I had never made tomato soup before stumbling on this recipe on Hot Pink Apron, which is an aberration, really, given how much I love tomatoes. But this recipe was so simple and sounded so tasty that I felt compelled: November is finally over, and it has got to be the suckiest month of the year (long, dark, cold and we don't get Remembrance Day off in Quebec - what a sham), and a nice bowl of soup sounded like Heaven after a long work day. Bring on the comforting treat! We deserve it, if only because we survived November.

My grocery store carries lovely tomatoes on the vine; they are as tasty as tomatoes get (at least until I start growing my own on the balcony next summer!) so I got a nice bunch. I also had a new basil plant with gorgeous big green leaves that were just begging to be massively added to this soup. Is there a better food match than tomatoes and fresh basil? I think not! Note that I also added more garlic than the original Hot Pink Apron recipe: my man and I can never get enough garlic...

Olive oil
6 to 8 ripe tomatoes, roughly chopped
2 small red onions, roughly chopped
4 garlic cloves, roughly chopped
1 tablespoon dried oregano
1 (28 ounce) can of crushed tomatoes
4 cups vegetable broth
1 large bunch fresh basil leaves
Coarse sea salt and freshly ground pepper

Set the oven to broil. Grease the baking pan with a couple of tablespoons of olive oil. Chop up the tomatoes, onions and garlic and toss on the baking pan. Sprinkle with a healthy dose of coarse sea salt and the dried oregano.

 
Broil the tomatoes and onions for 10 minutes. Rotate the tray. Lower the heat to 350 degrees and roast the tomato mixture for another 30 minutes.

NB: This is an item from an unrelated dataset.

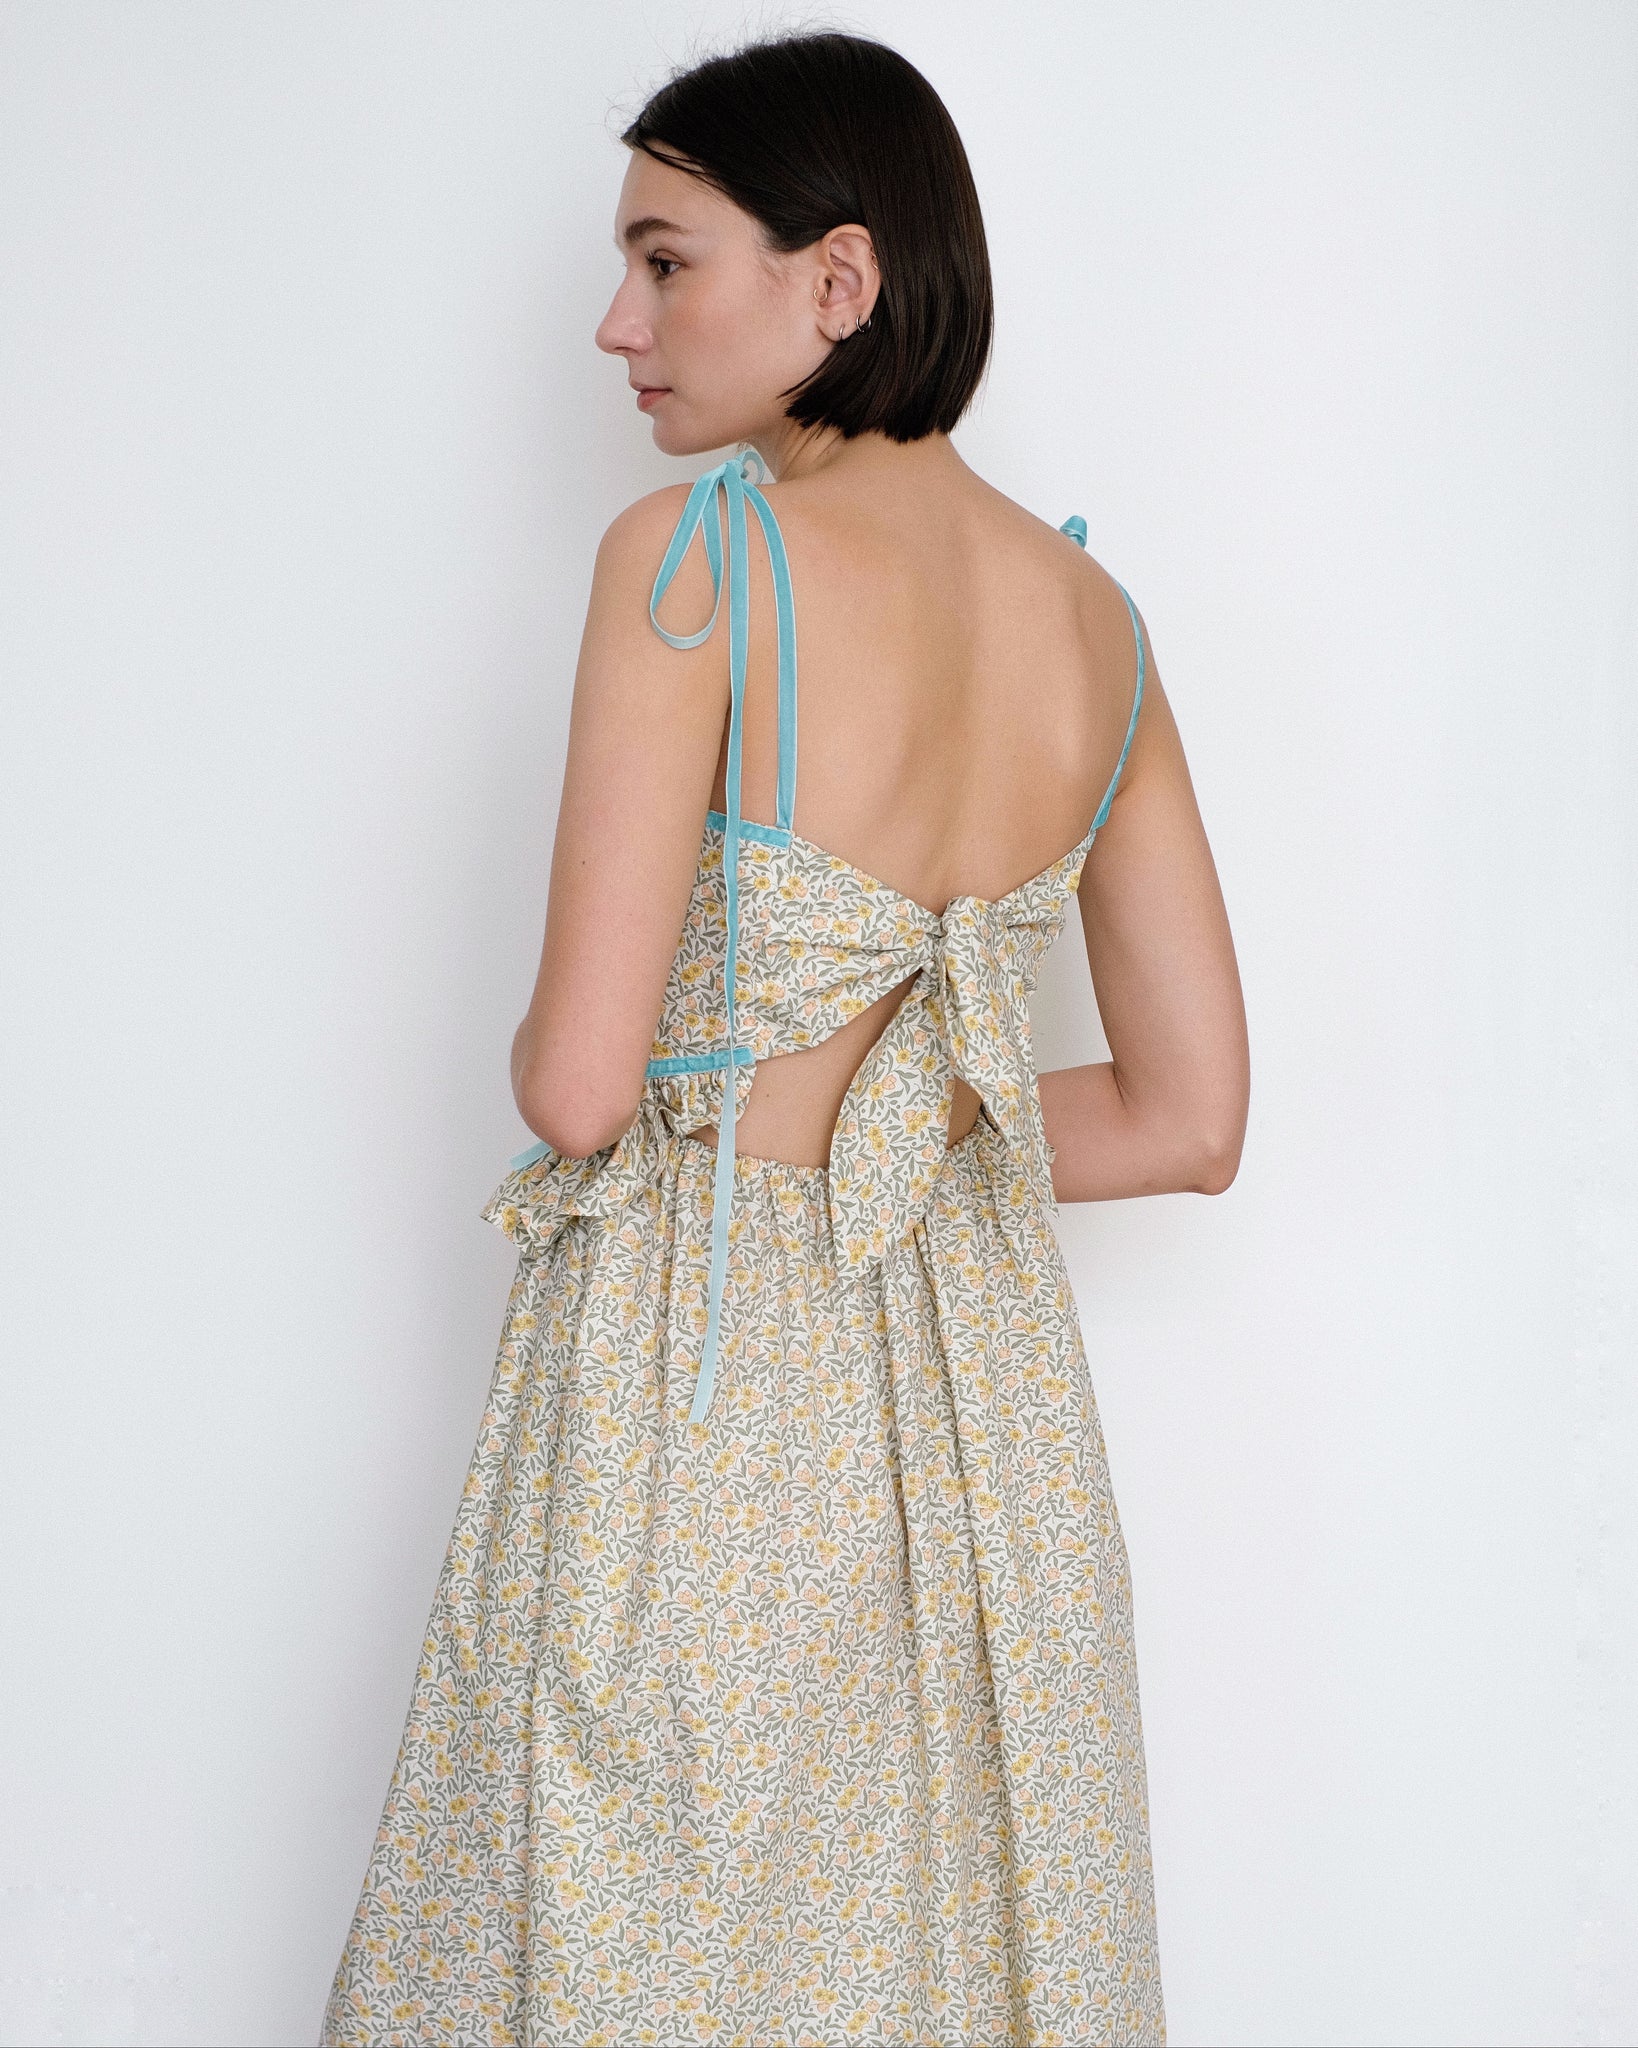 Eliza Faulkner Tessa floral print dress with velvet ribbons

Meanwhile, add the crushed tomatoes, broth and the basil to a large stock pot; bring to boil and simmer on medium-low heat.


Add the roasted tomato mixture to the stock pot and simmer for another 15 minutes.

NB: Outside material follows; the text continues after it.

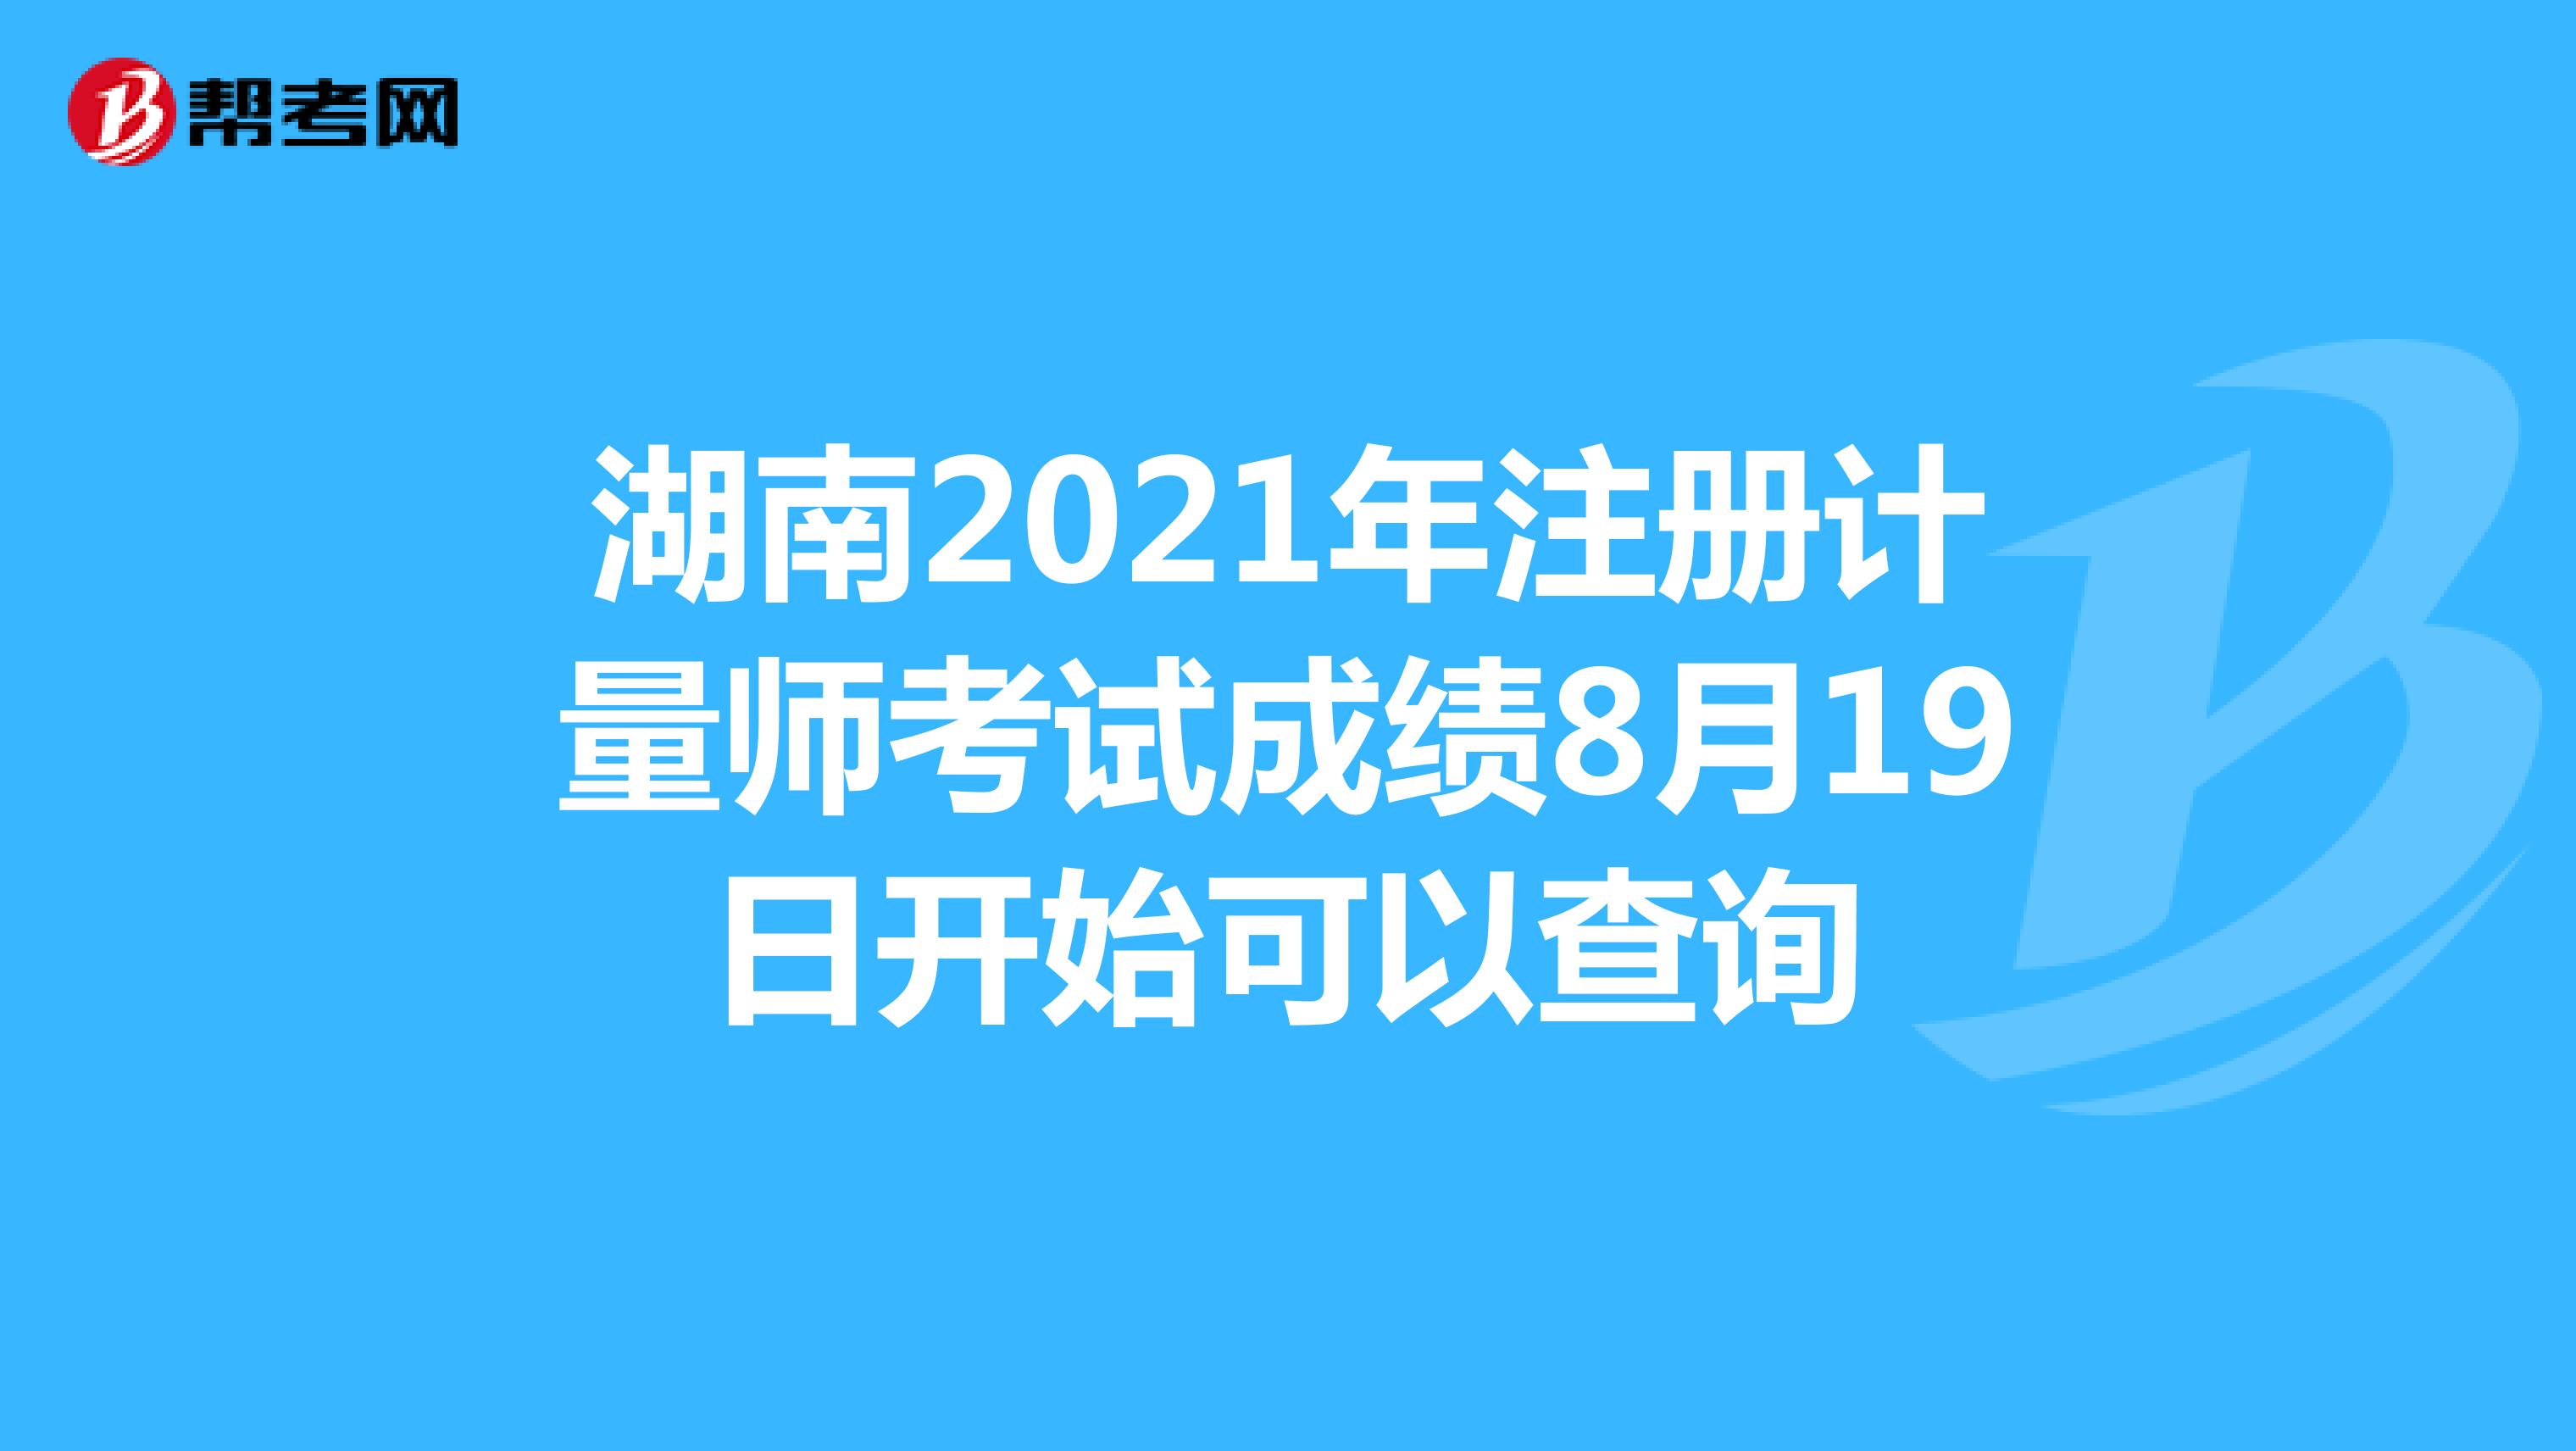 湖南2021年注册计量师考试成绩8月19日开始可以查询

Remove from the heat and using an immersion blender, purée the soup. Put back on low heat until the soup is reheated, add a pinch of salt and plenty of freshly ground black pepper, and serve with crusty bread and a sprinkle of grated sharp cheese (Parmigiano Reggiano rocks here).


I used fresh Campari tomatoes, very flavorful little fruits that taste good virtually everywhere you'd use tomatoes: they are quite small, so I used a lot more than 6. The trick seems to be keeping a ratio of 3/2 between the fresh tomatoes and the red onions. By the way, this is a great recipe to make if you have slightly mushy tomatoes that have been sitting in the crisper a bit too long!

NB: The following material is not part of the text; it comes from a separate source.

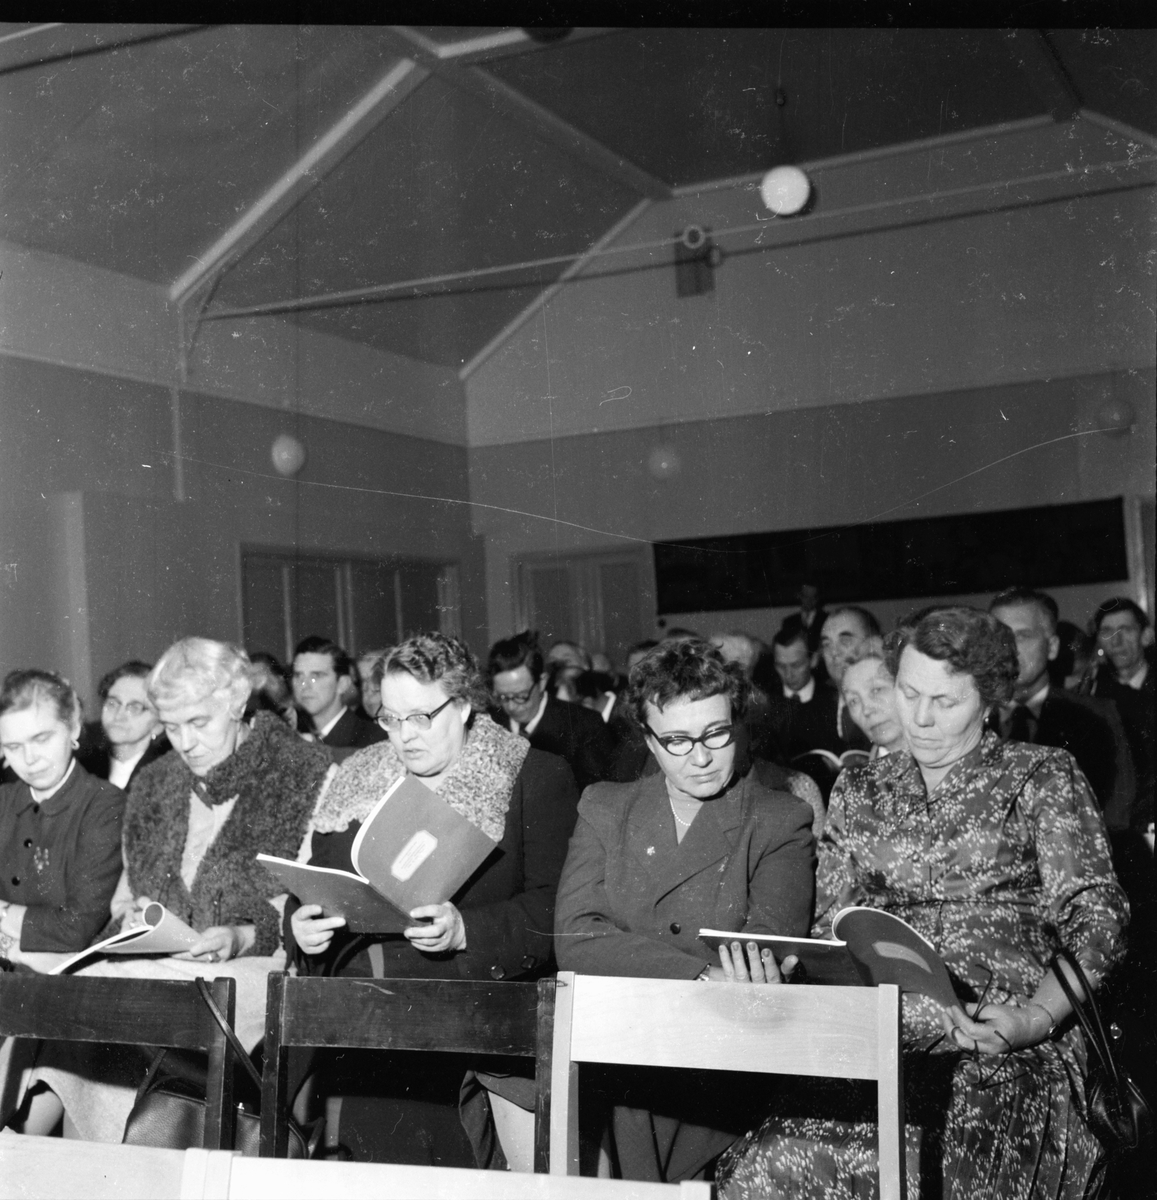 Hushållningssällskapets årsmöte i Bollnäs.
4/12 1957

Such an easy, straightforward recipe deserves a huge shout-out: the kitchen smelled absolutely heavenly while the tomatoes and onions were roasting. The basil keeps the soup from getting the bitter tomato aftertaste I was dreading, and the final texture is luxurious, just thick enough - yet silky.

I am so in love with this soup! Crusty bread is an absolute must: I usually stick to one slice per meal, but I just had to get a second one. Bread soaked in that lovely fragrant soup was just too darn irresistible. Garlic bread would be the ultimate side with which to clean up a bowl of this red wonder, unless you are as crazy as I am and enjoy dipping... grilled cheese sandwiches in your soup!! Oh yeah, baby!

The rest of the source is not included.